Por lo tanto, hay “feministas” quienes dicen que la lucha ha terminado; hay “feministas” que sentencian y proclaman que la emancipación se puede lograr dentro del sistema porque lo que queda por lograr son cosas tan simples; hay “feministas” que canturrean  con buena melodía que el problema es el varón —¡aniquilemos al varón!—; hay quienes manifiestan que la mujer debe de ser varón y mujer a la vez; y hay quienes en su lucha constante de clase, proclaman la libertad plena aboliendo la propiedad privada y asumiendo el poder junto a las clases trabajadoras (este feminismo es el revolucionario). 

Hay mujeres que asumen cargos políticos desde donde ayudan a oprimir a las mujeres obreras y campesinas (ejemplo actual son las congresistas y Dina Boluarte); hay mujeres que desde su estatus marginan y pisotean los derechos conseguidos en larga y dolorosa lucha por las mujeres; hay quienes son oprimidas en las minas, en las fábricas y en los campos; hay quienes viven en el desempleo total, lo que les obliga a sujetarse al poderío marital; hay quienes estando en el poder justifican la violencia física y psicológica contra mujeres de las clases más desamparadas. Esto no podría ser de otra forma ya que parafraseando a Mariátegui el sello de clase diferencia a los individuos más que el sexo. 

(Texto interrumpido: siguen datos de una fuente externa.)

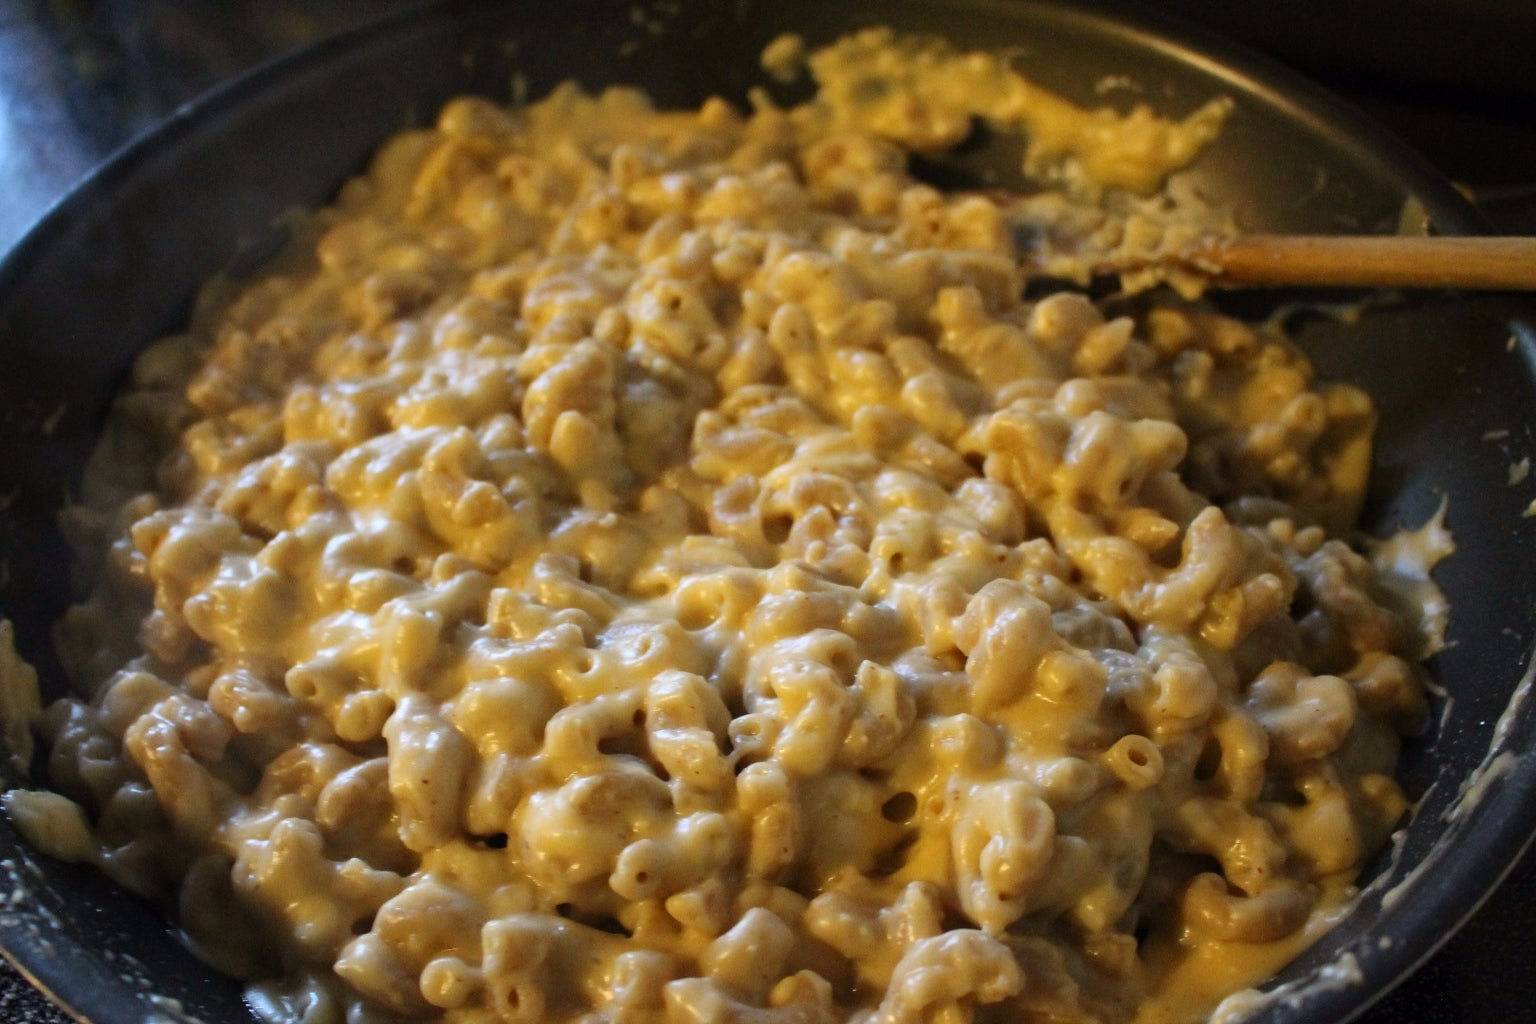 Cook Pasta & Make Cheese Sauce
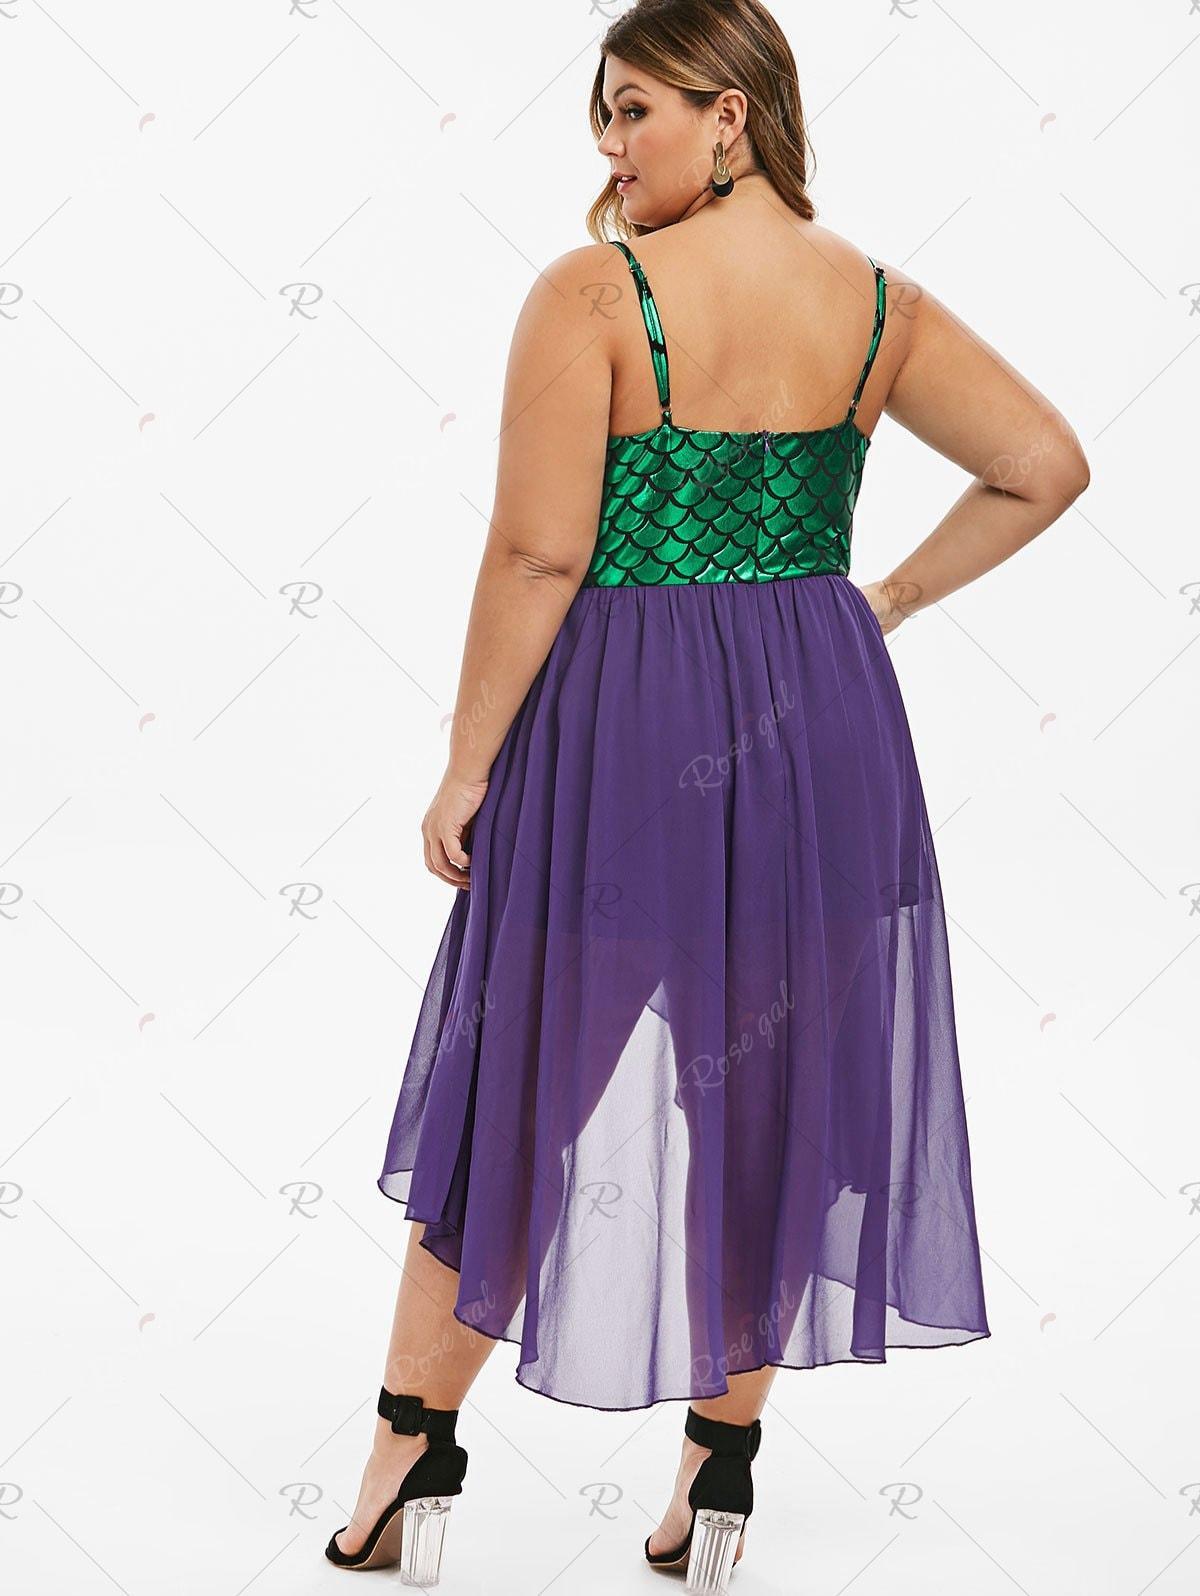 Overlap High Low Mermaid Scales Plus Size Dress

    Si tan solo nos asomamos a las cifras reveladas por los organismos oficiales de los gobiernos de turno, podemos obtener según la CDC Perú (noviembre, 2022) que de enero a octubre del 2022 los casos de violencia dentro del grupo familiar representan el 86% de las notificaciones a nivel nacional, de los cuales el 40.12% es contra mujeres adultas, y contra mujeres convivientes las cifras ascienden al 36, 16%, siendo las más afectadas las que no tienen empleo remunerado, pues la violencia contra estas constituyen el 72,15 %. Según el IPE la brecha de ingresos laborales en el país se incrementó de 19% en el 2020 al 25% en el 2021, lo cual a decir de nuestros fantásticos estudiosos de la economía, la brecha se mantiene o se ha incrementado un poco más en el 2023, señalando así que, si las mujeres ganan un promedio de 1,521, los varones perciben el sueldo de 2,038 (25.4% más que las mujeres) y ahí no queda el asunto, sino que las mujeres son relegadas sin una justificación objetiva a puestos de operarias o de cuidado o servicios, no permitiéndoles asumir cargos de “jefatura” —habría que señalar que estos análisis se da en el ambiente de la clase media—. Por otra parte, en América Latina la cifra de mujeres desempleadas ascendió en el 2022 a más de 4 millones, alcanzando poco más del 16% de tasa desempleo y la OIT ha manifestado que para el 2023 los puestos de trabajo no aumentarán más que en un 0,7% y a esto sumaremos que la brecha de género será abismal, puesto que según la propia OIT ya en el 2022 un 70% de trabajadores eran varones y tan solo un 46.5% eran mujeres, lo cual esperan mantener aunque lo más probable es que la brecha siga en crecimiento. 

    ¿Cómo puede un sistema que subestima la capacidad de la mujer y a la vez la convierte en una mercancía más que le trae ganancia y a la cual le conviene rebajar su capacidad para obtener mayor plusvalía, eliminar la opresión de la mujer?